Inizia così la lettera sulla guerra che un ufficiale russo ha voluto inviare ad un giornale che raccoglie pensieri sul conflitto, da russi come da ucraini. Ovviamente, l’ufficiale firma la lettera con un nome di fantasia, non potrebbe fare altrimenti.
“All’età di 18 anni entrai in una scuola militare. Alla fine dei miei studi, completamente deluso da ciò che avevo visto e imparato, decisi fermamente di smettere e di non tornare mai più in servizio. La mia ragazza stava aspettando, a Mosca, che io mi licenziassi, stavo imparando una nuova professione, facevo piani per una nuova vita, con determinazione.
Peccato che il processo di licenziamento di un ufficiale appena nominato richieda molto tempo e lunghe procedure burocratiche. Mentre le mie carte vagavano da un tavolo all’altro, cominciò la guerra. Ricordo ancora con tremore il momento in cui mi sono reso conto che quell’orrore, appena iniziato, entrava nella mia vita…
Da quel momento in poi non posso andare da nessuna parte. Tutti i miei colleghi presero questa notizia con entusiasmo, mi sembrava che fossi l’unico a vedere la guerra come una guerra, e non come una mossa geopolitica ben ponderata.
Davanti ai miei occhi, colleghi che condividevano opinioni liberali simili alle mie hanno cambiato idea e hanno trovato giustificazioni diverse per quello che stava accadendo. A un certo punto, la discussione pubblica ha raggiunto un punto in cui anche dire una sola parola contro la guerra è diventato inaccettabile.

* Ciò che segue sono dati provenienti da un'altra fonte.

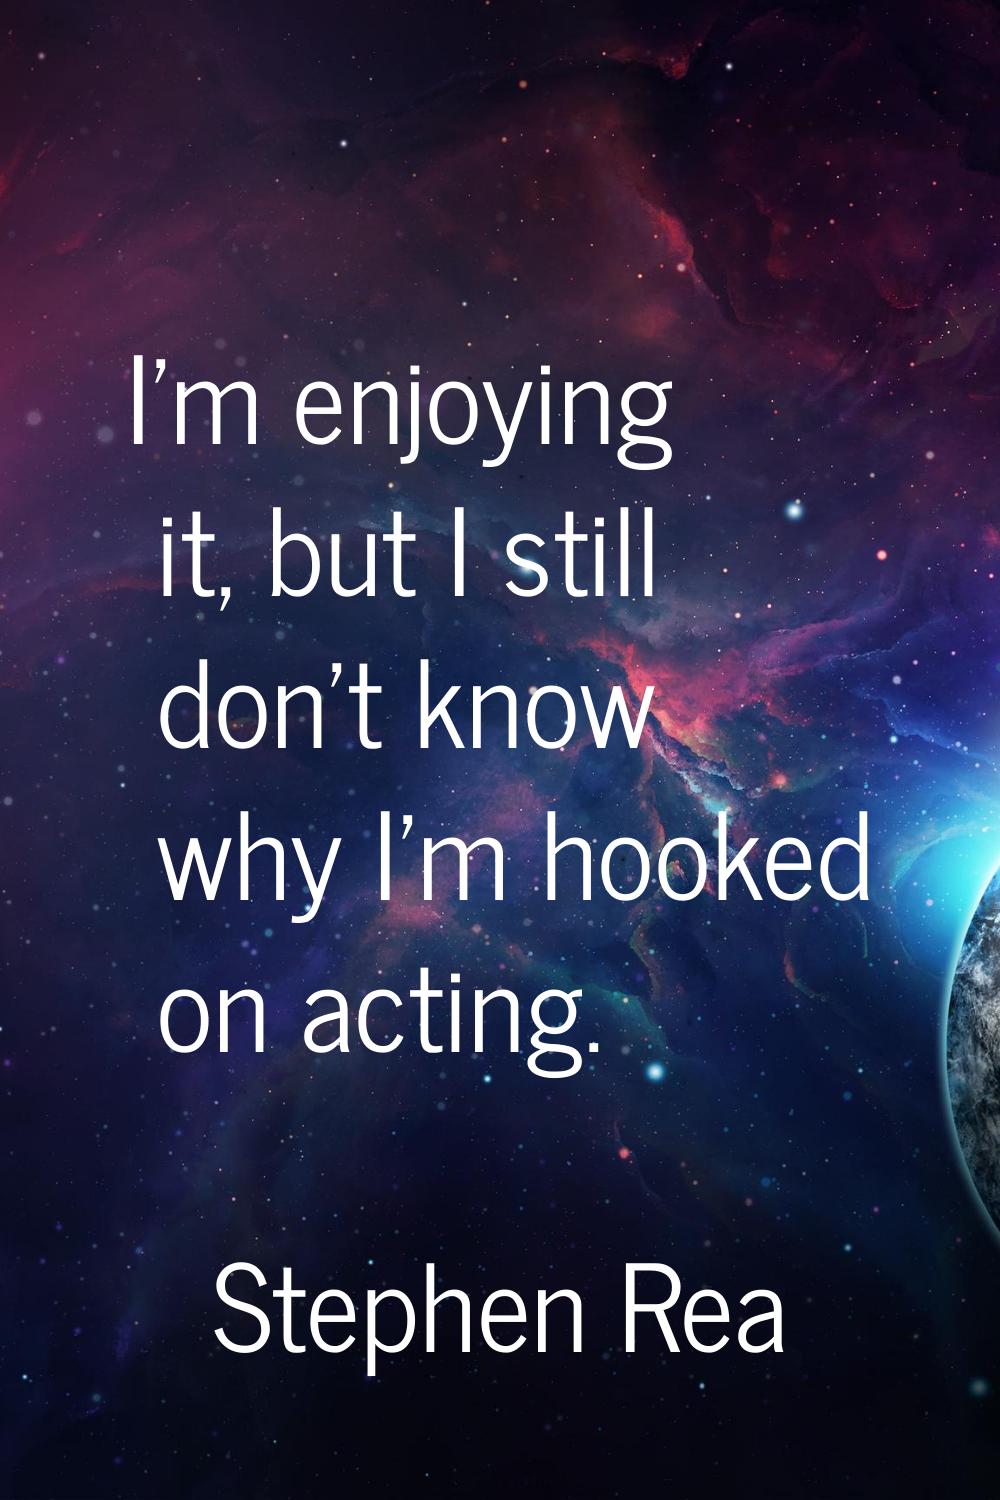 I'm enjoying it, but I still don't know why I'm hooked on acting.
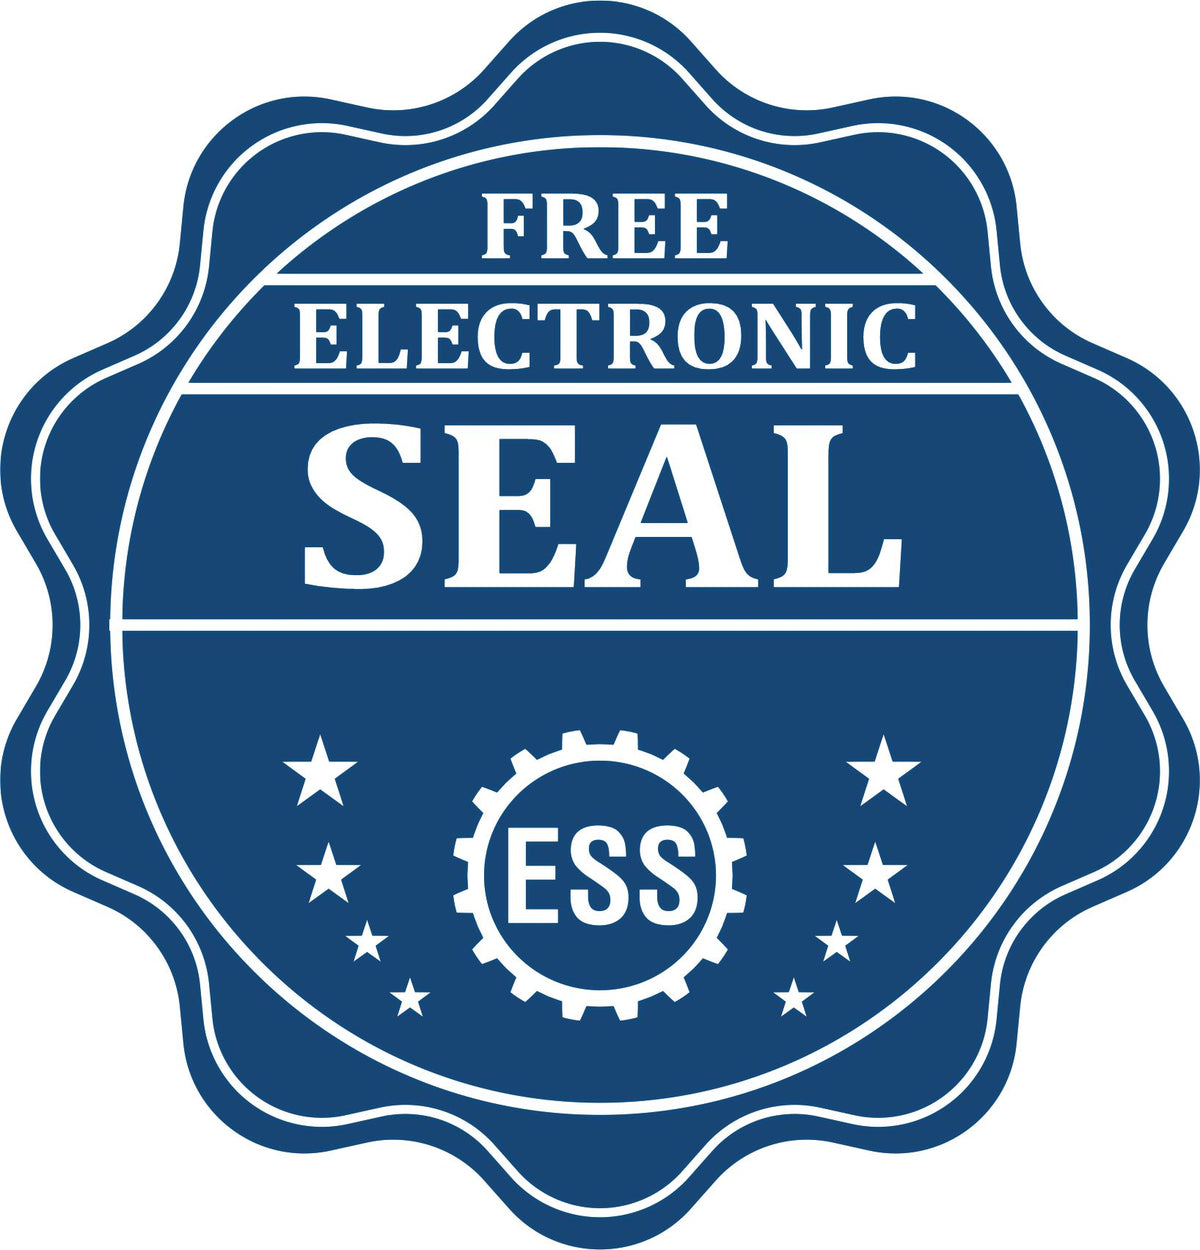 A badge showing a free electronic seal for the Premium MaxLight Pre-Inked Massachusetts Landscape Architectural Stamp with stars and the ESS gear on the emblem.

Ma molto più terribile di tutti gli altri problemi era la vera minaccia per la mia vita, il mio futuro, per le persone che mi erano vicine. La paura della morte è diventata la mia compagna costante. Dopotutto, cosa potrà accadere? O la morte o la prigione.
Allora, ho iniziato ad apprezzare il fatto che la mia specialità non è molto richiesta in prima linea, ma ogni anno quando si formano nuove “squadre” per la prima linea, questo elemento conta sempre meno. Sono diventato uno schiavo che non può né arrendersi né rifiutarsi. E il contratto con il ministero della Difesa è diventato simile a un contratto con il diavolo.
Ci sono due esiti per la disobbedienza: o al “fronte” o in carcere. Non resta che “non brillare” e aspettare.
Fin dai primi giorni ho creduto nell’imminente fine di questo conflitto. Sono passati tre anni così. Ma ci credo ancora, ma sempre meno, con molta fatica.
Allora, con speranza, mi aggrappo a tutte le notizie sui negoziati e sono sconvolto dalle “clownerie” della politica. Quasi tutti pensano che se sei un militare, allora sei per la guerra. No!”.